== Segment start ==

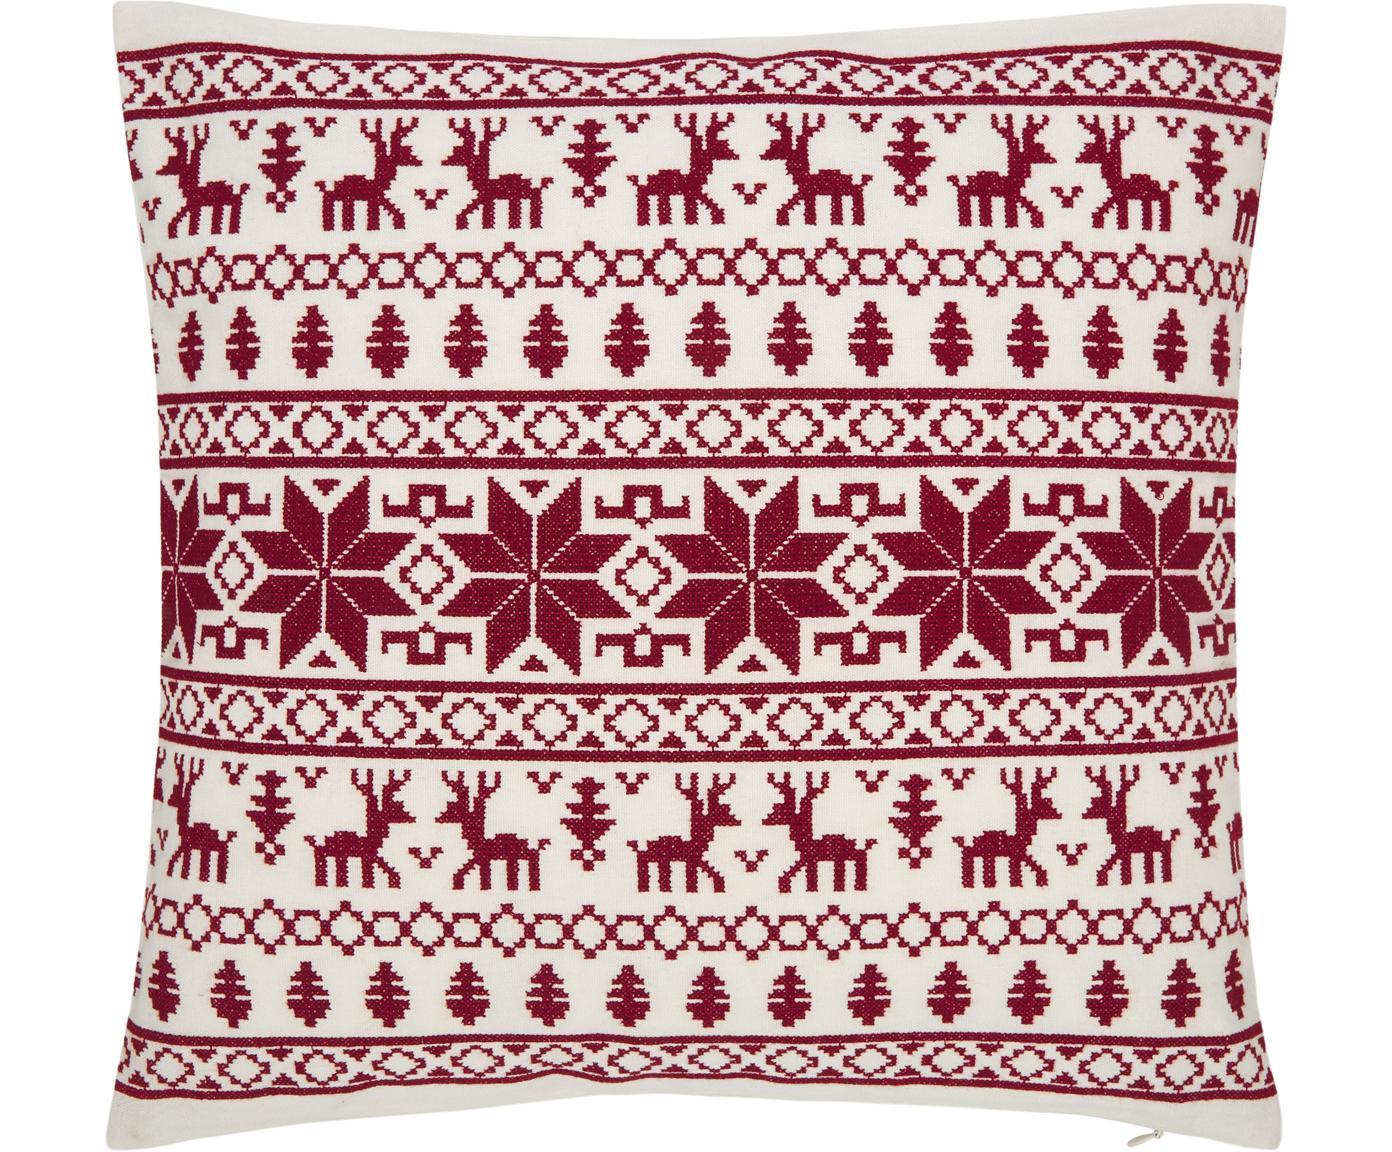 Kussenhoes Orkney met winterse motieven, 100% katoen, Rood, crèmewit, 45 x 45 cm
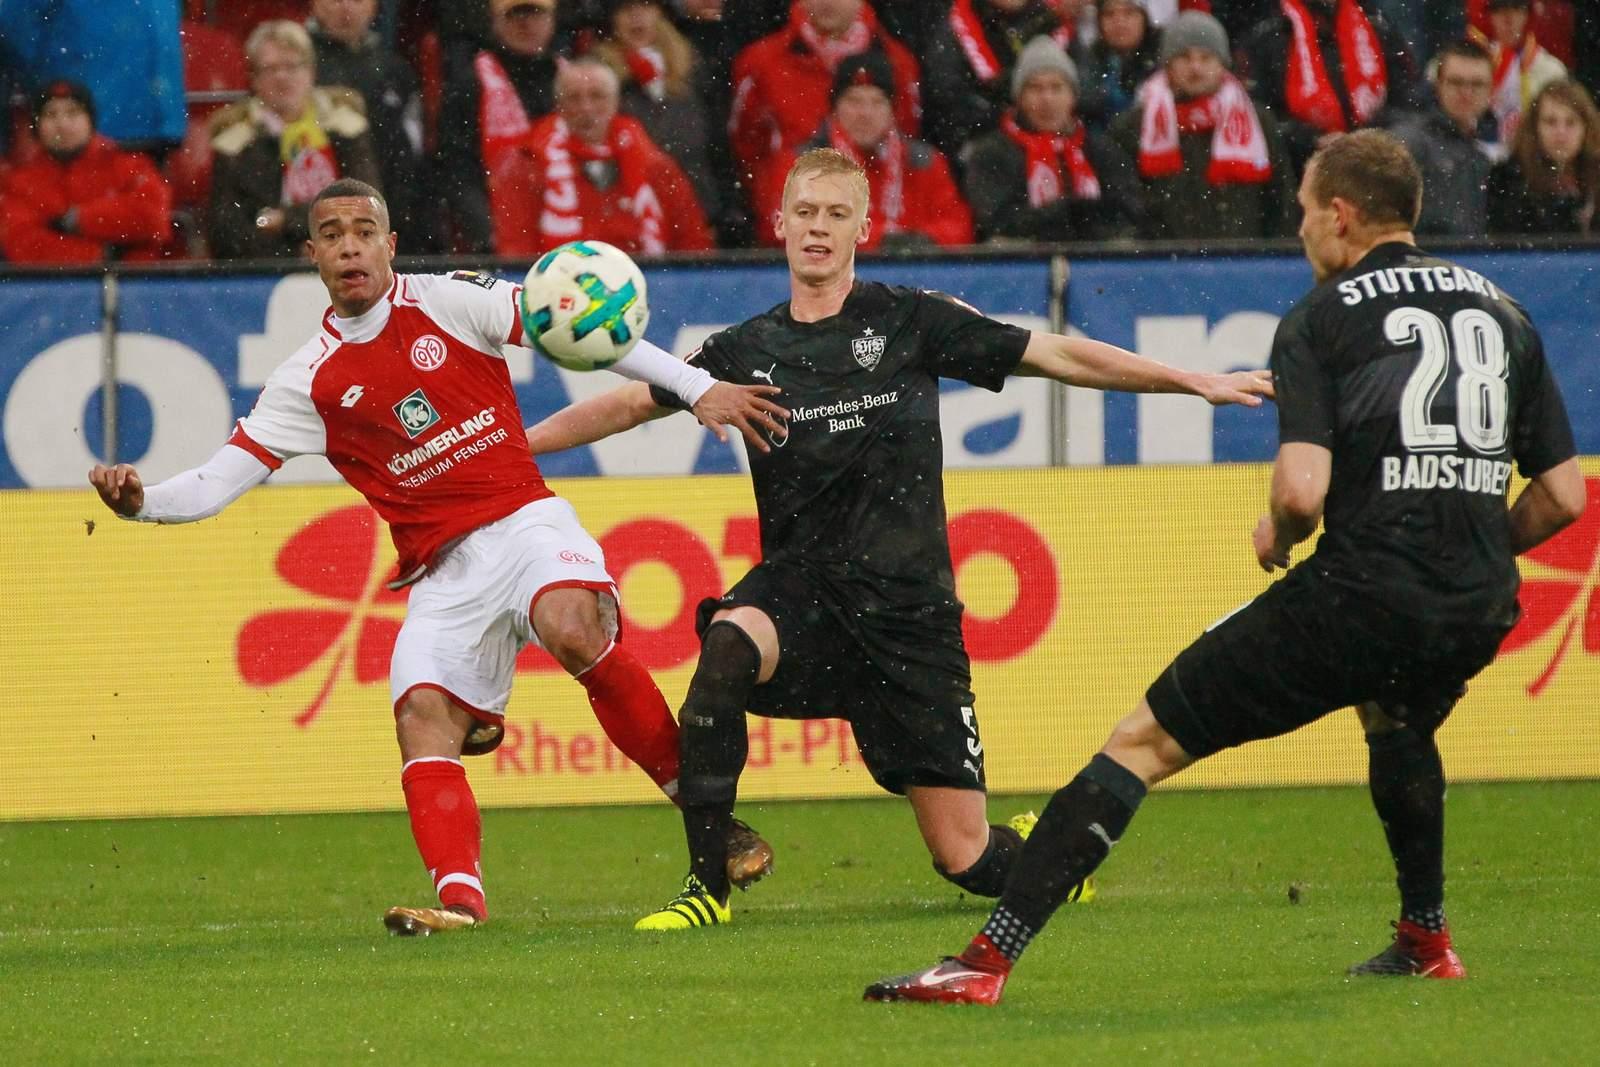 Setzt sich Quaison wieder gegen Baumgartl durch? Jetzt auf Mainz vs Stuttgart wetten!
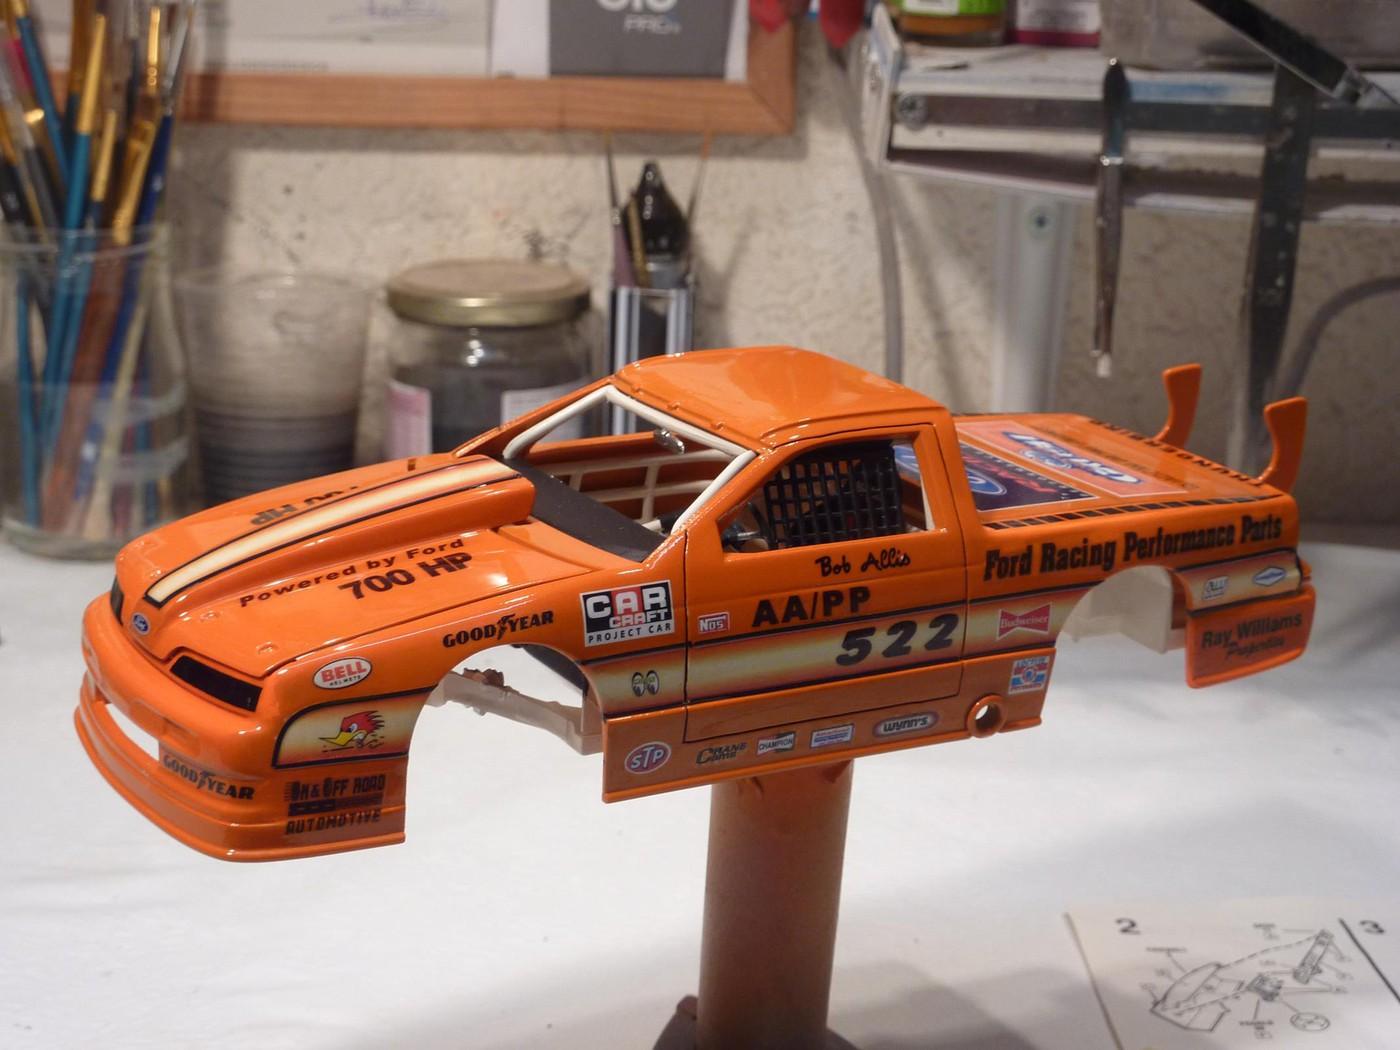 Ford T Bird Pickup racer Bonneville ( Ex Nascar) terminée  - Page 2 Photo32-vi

== Segment end ==

Problem requirements
Write the listing out exactly, word for word, but omit the pictures.

Answer box
 Kussenhoes Orkney met winterse motieven, 100% katoen, Rood, crèmewit, 45 x 45 cm
 Setzt sich Quaison wieder gegen Baumgartl durch? Jetzt auf Mainz vs Stuttgart wetten!
 Ford T Bird Pickup racer Bonneville ( Ex Nascar) terminée  - Page 2 Photo32-vi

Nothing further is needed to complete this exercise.